Силой, что ли, навязываться, если не хотят?!

Эта служба тоже запомнилась мне множеством забавных эпизодов. Если у нас бывали пассажиры, – а мы часто брали их по просьбе местных комендантов, особенно в Тавризе и иранской Джульфе, – они проходили досмотр в советской Джульфе. В один из рейсов комендант иранской Джульфы подсадил к нам человека с большой сумкой. Таможенники заставили ее открыть, в ней оказалось двести штук женских перчаток высшего качества, все на правую руку! Таможенники заколебались. Товар был некондиционный и обложению пошлиной не подлежал. Пассажира – он оказался британским подданным спросили, для чего ему нужны такие перчатки. Тот с грехом пополам объяснил, что не знал о содержимом сумки, которую должен передать сотруднику посольства в Москве, и даже предъявил соответствующие документы. Таможенники позвонили куда-то, вернули перчатки, пассажир поехал с нами. Помню, он сидел в машине, груженной американскими мешками с белой фасолью, на которых очень красивыми буквами было написано: "Алабама – 1903 г.". Это был урожай сорокалетней давности. На третью или четвертую поездку комендант Джульфы попросил меня прихватить с собой женщину. Я согласился. На таможне Джульфы повторилась та же история, с той разницей, что на сей раз перчатки, оказавшиеся у женщины в сумке, все двести штук, были на левую руку. Дежурила другая таможенная бригада. Эти ни с кем не созванивались, пропустили без слов, поскольку им еще предстояло проверить не меньше сотни машин с грузом. После таможни я почему-то посадил женщину не в ту машину, а в грузовик с фасолью.
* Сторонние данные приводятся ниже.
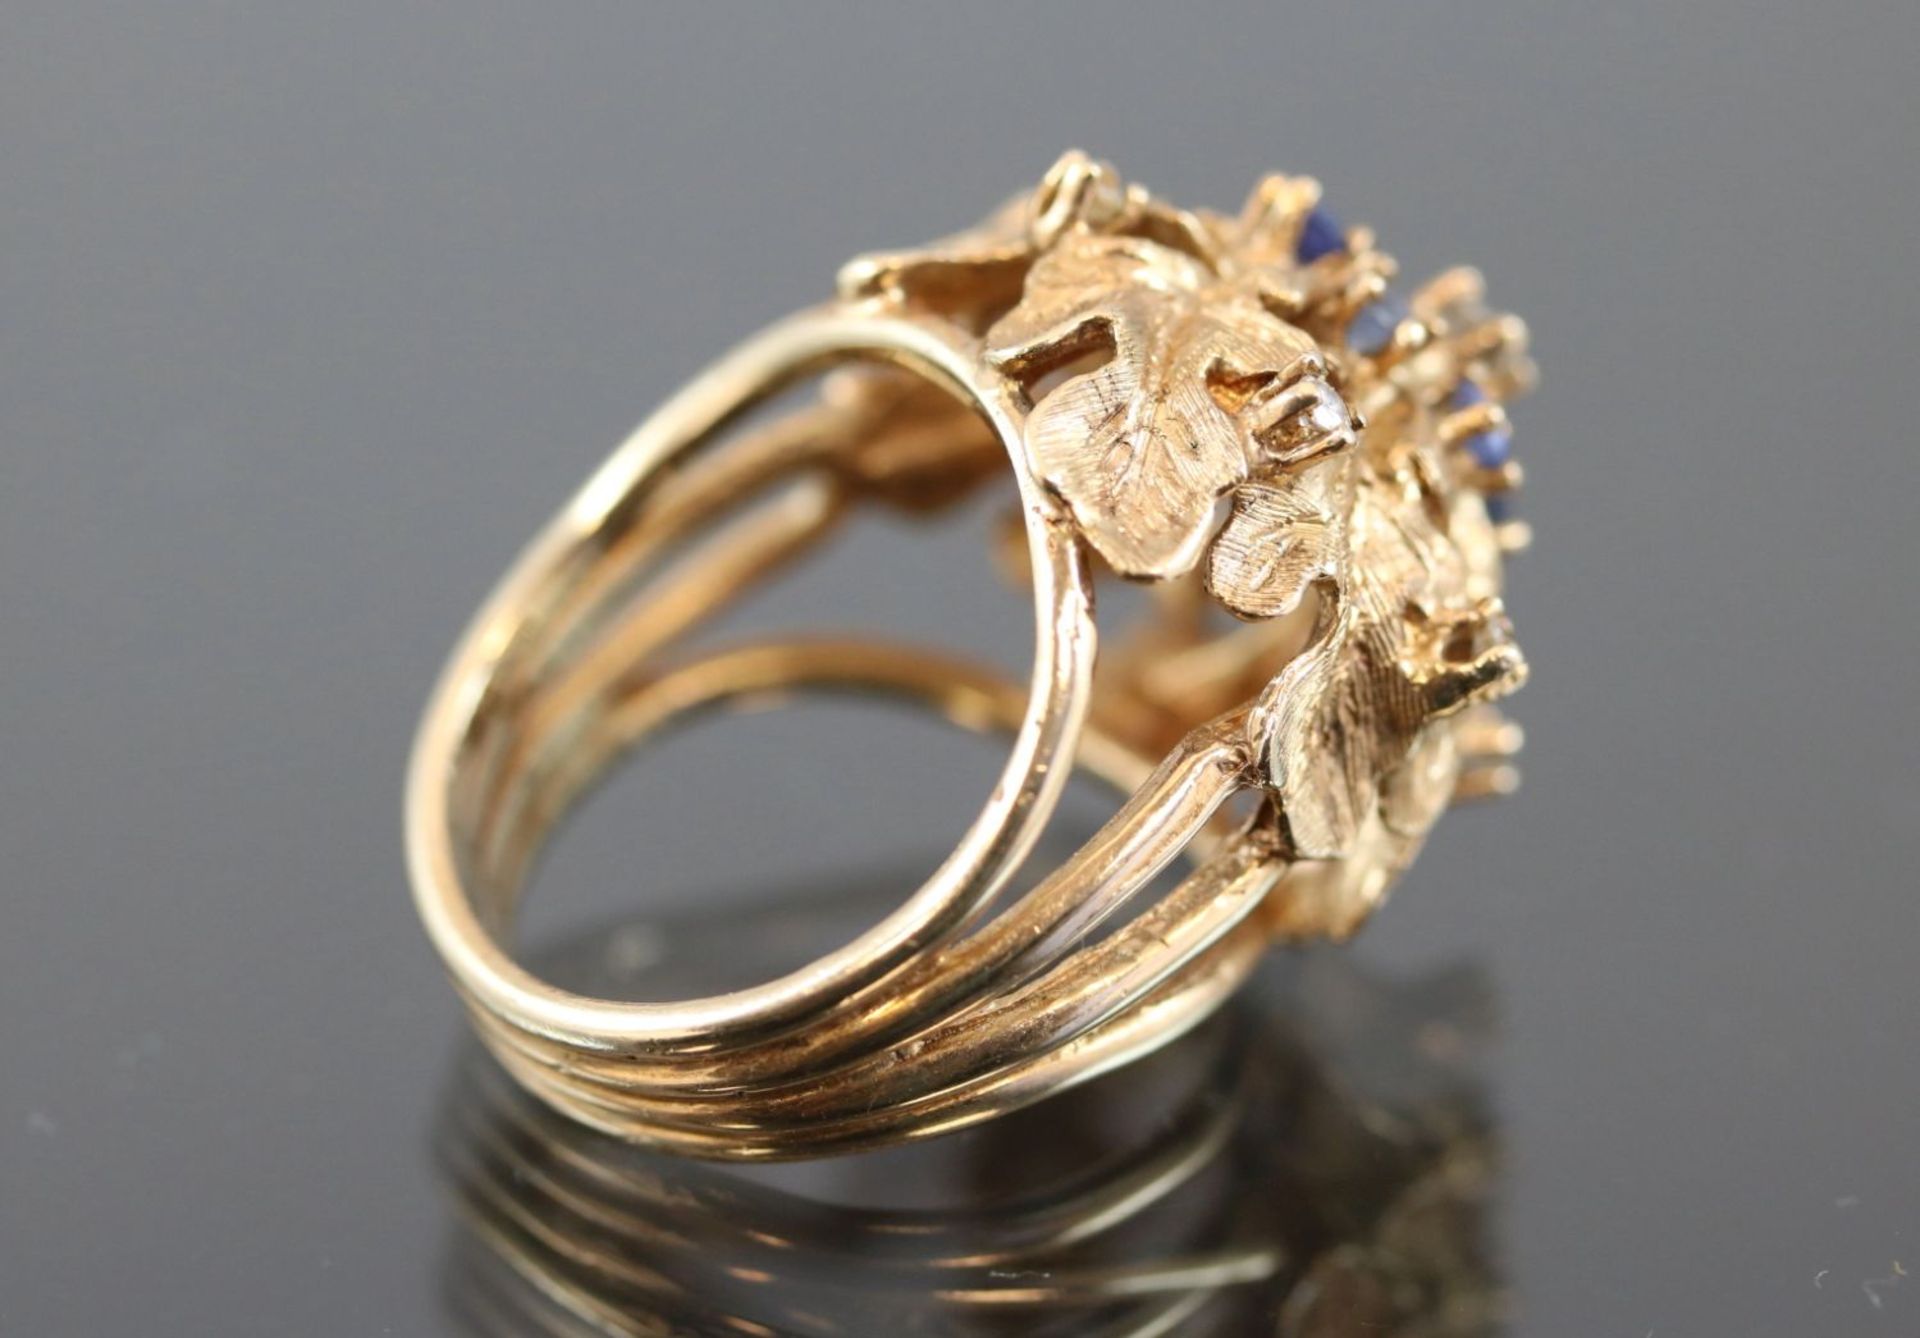 Saphir-Diamant-Ring, 585 Gelbgold10,9 Gramm 7 Diamanten, ca. 0,20 ct., w/si. Ringgröße: - Bild 5 aus 7

Как-то во время рейса Тавриз – Тбилиси произошел забавный случай, хоть в кино снимай. В Тавризе то ли намеренно, то ли случайно комендант загрузил лишь наполовину кузов головного "форда", в котором я должен был ехать, да и то ящики стояли только между скамьями. На свободной половине разместились трое пассажиров: женщина лет сорока, мужчина примерно того же возраста и молодой парень. Поскольку стояла сильная жара, я перебрался из кабины в кузов и разговорился с парнем, единственным пассажиром, владевшим русским языком. Он оказался сыном дипломата. Мы подъезжали к Джульфе, и я предупредил парня, что скоро таможня. Он достал из чемодана маленький очень красивый ковер и подложил его под себя, пояснив, что коврик молитвенный. Так он и таможенникам потом сказал, да они и не цеплялись к нему. В Джульфе иранская таможня не останавливала нас, зато советская ввела новые порядки: пассажиров уже не водили в зал на досмотр, таможенники сами поднимались в машину. Так вот. Поднялись таможенники и спросили, нет ли у кого-нибудь предметов, подлежащих предъявлению. Мужчина украдкой повел глазами на багаж женщины. Таможенники попросили ее открыть чемодан. Женщина неохотно подчинилась. В нем оказалась хрустальная ваза, очень красиво упакованная. Таможенники объявили, что вынуждены конфисковать ее, поскольку ввозить хрусталь в Советский Союз запрещается. Выписав квитанцию, они попросили открыть второй чемодан. Женщина заупрямилась, тогда они сами открыли его и, покопавшись, извлекли пикантную вещицу. Вертели, вертели ее и, решив, что это игрушка, сунули обратно в чемодан и ушли. Предмет оказался искусственным мужским членом с пневматическим устройством! Едва таможенники спрыгнули, как женщина метнулась к мужчине и расцарапала ему лицо. Она чертыхалась, рыдала, потом полезла на него с кулаками... Все это время мужчина увещевал ее, успокаивал. Колонна тронулась. Мы проехали десять-пятнадцать километров, мужчина открыл свой чемодан и предложил женщине выбрать вазу, какая понравится! Женщина поначалу отказывалась велика была обида, потом согласилась и выбрала... Такую же, как и ту, что у нее отобрали.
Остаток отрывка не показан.